= INFORMATION SUPPLIED =
▽

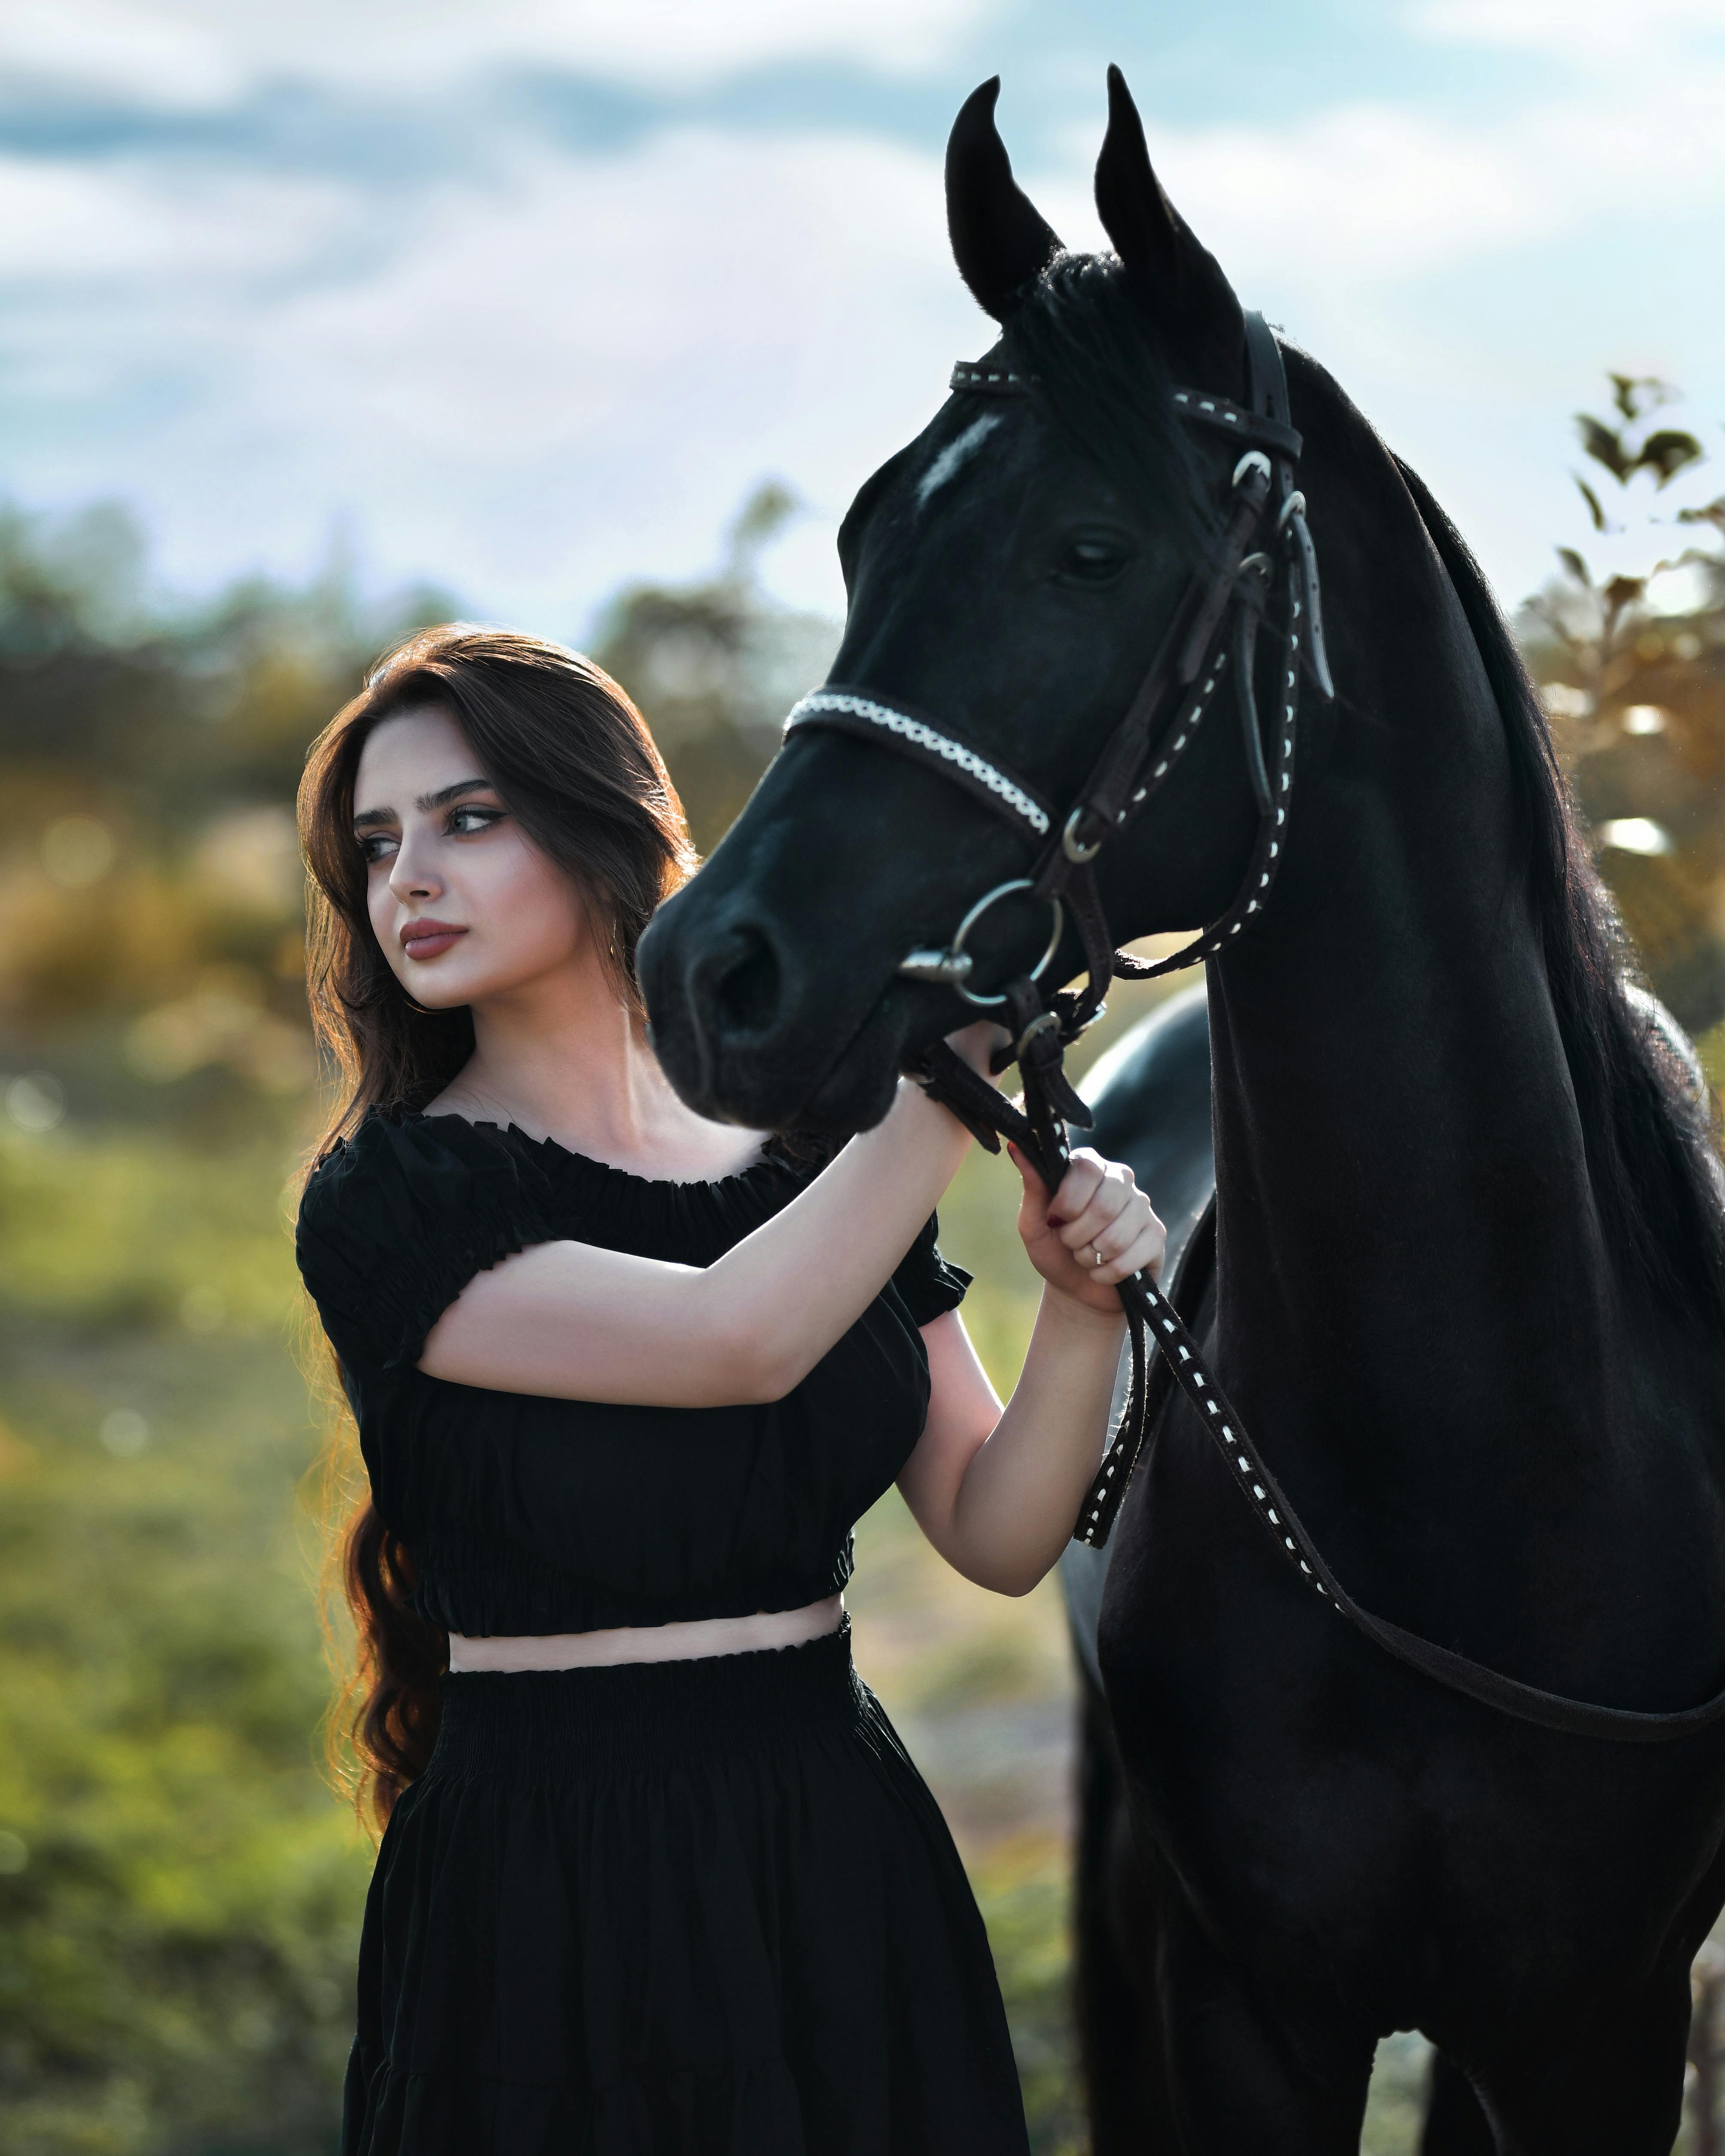 Woman in Black Dress Holding the Black Horse · Free Stock Photo
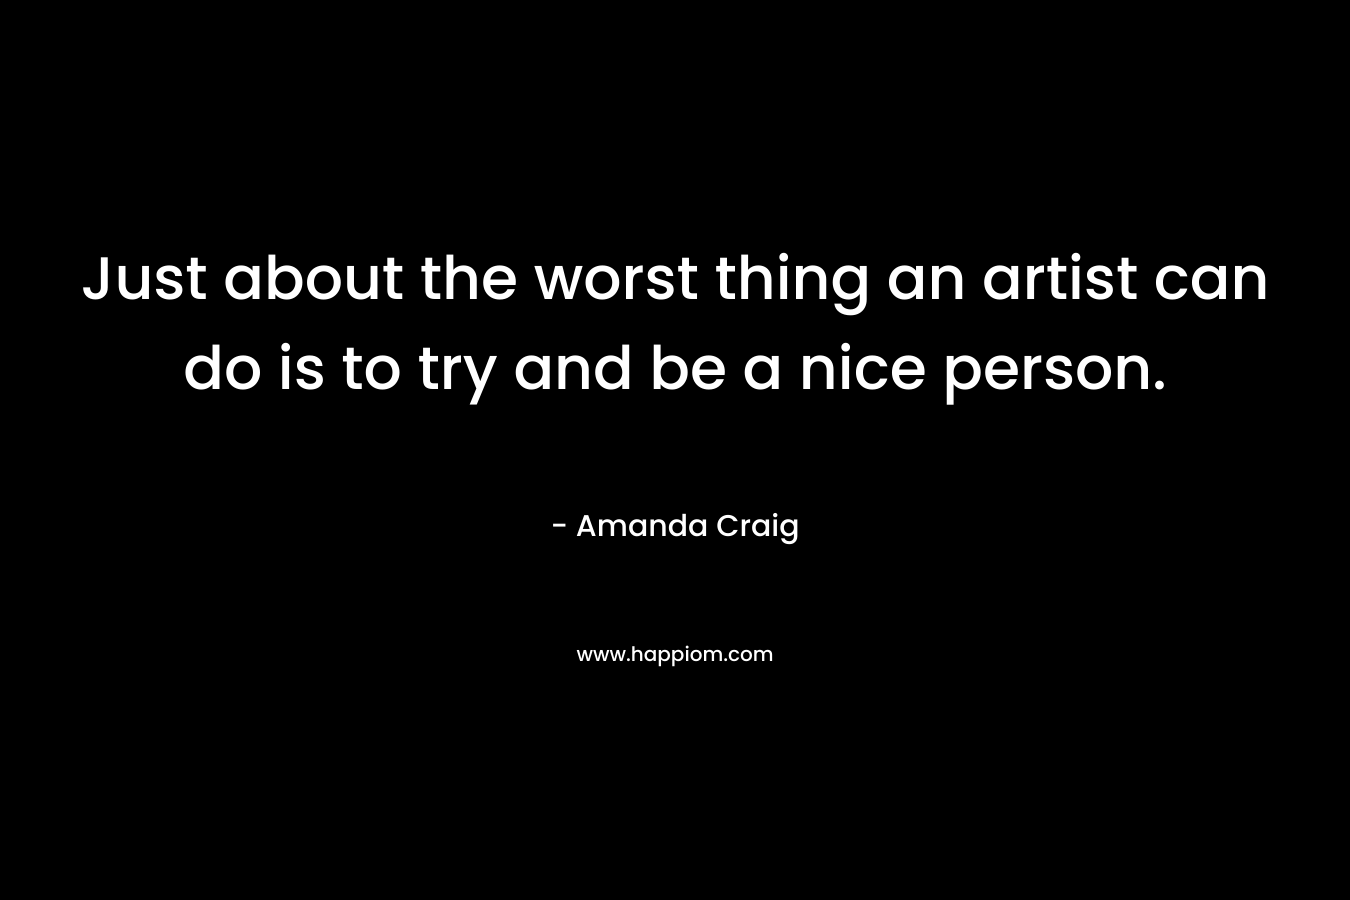 Just about the worst thing an artist can do is to try and be a nice person. – Amanda Craig
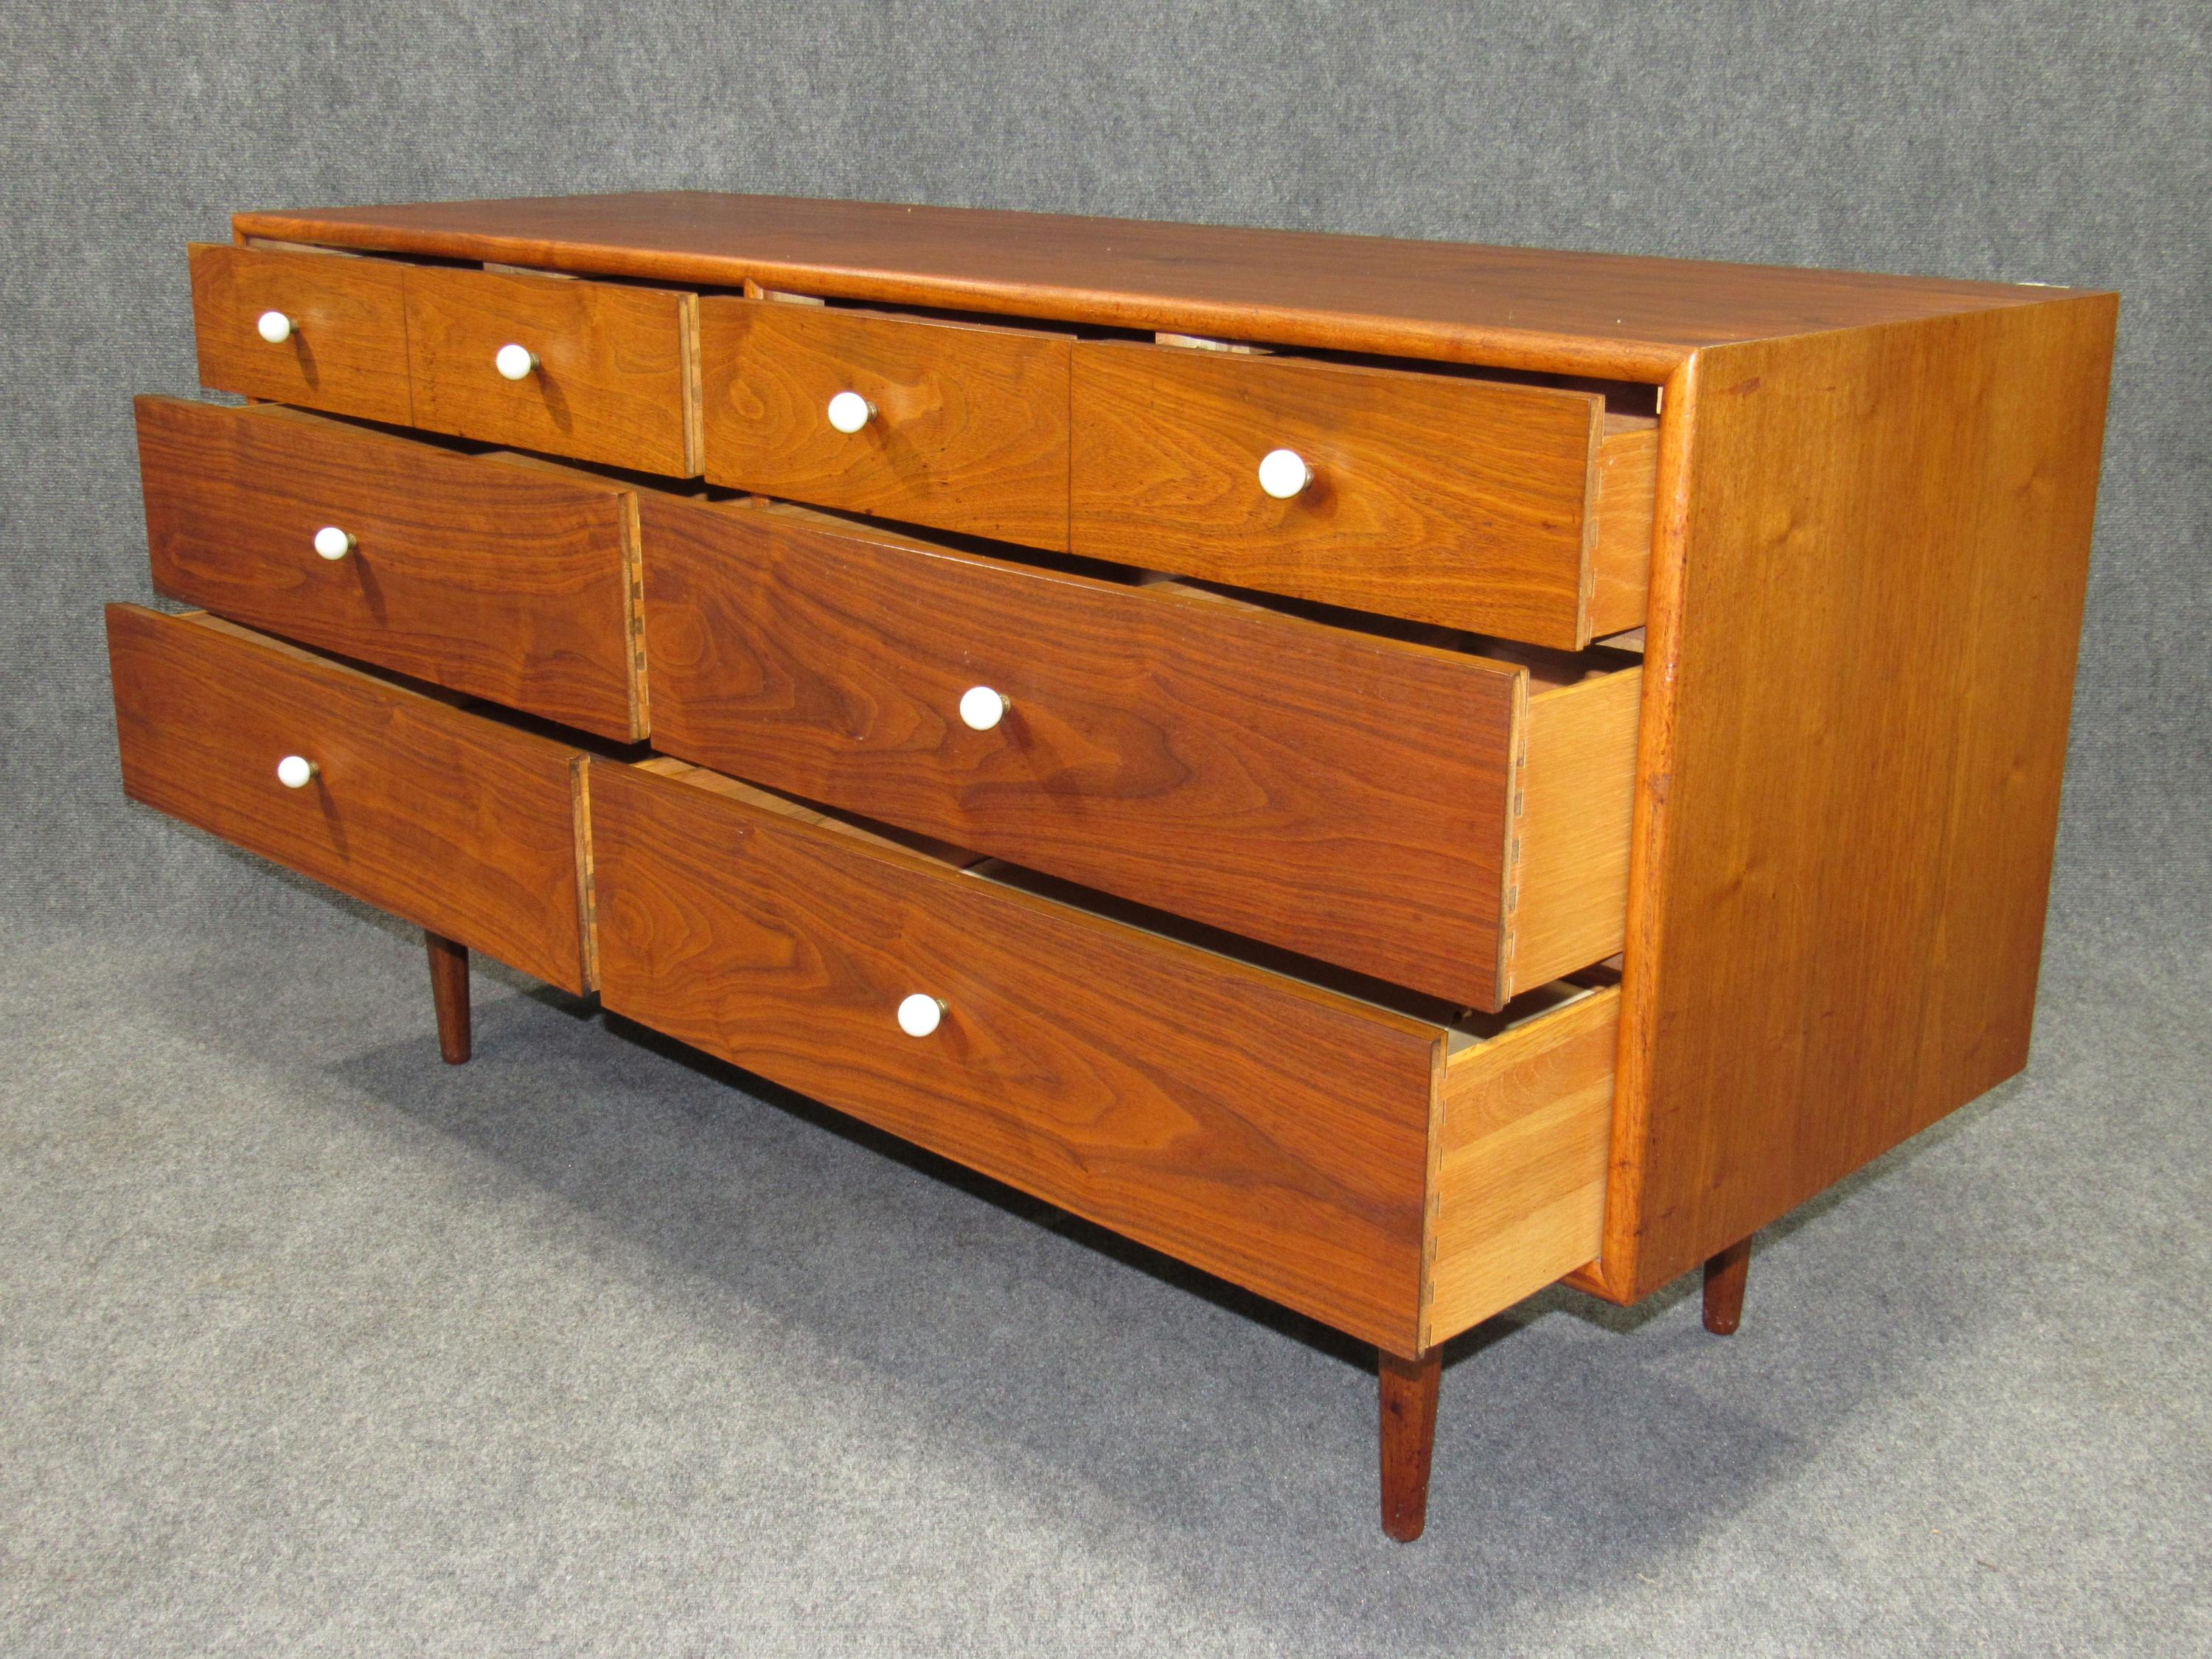 Midcentury Walnut Low and Long Chest of Drawers by Kipp Stewart for Drexel 1

△

= WORK TO COMPLETE =
Should there be pictures in the data, leave them out and return the rest exactly.

= EXERCISE OUTPUT =
 Woman in Black Dress Holding the Black Horse · Free Stock Photo
 Just about the worst thing an artist can do is to try and be a nice person. – Amanda Craig
 Midcentury Walnut Low and Long Chest of Drawers by Kipp Stewart for Drexel 1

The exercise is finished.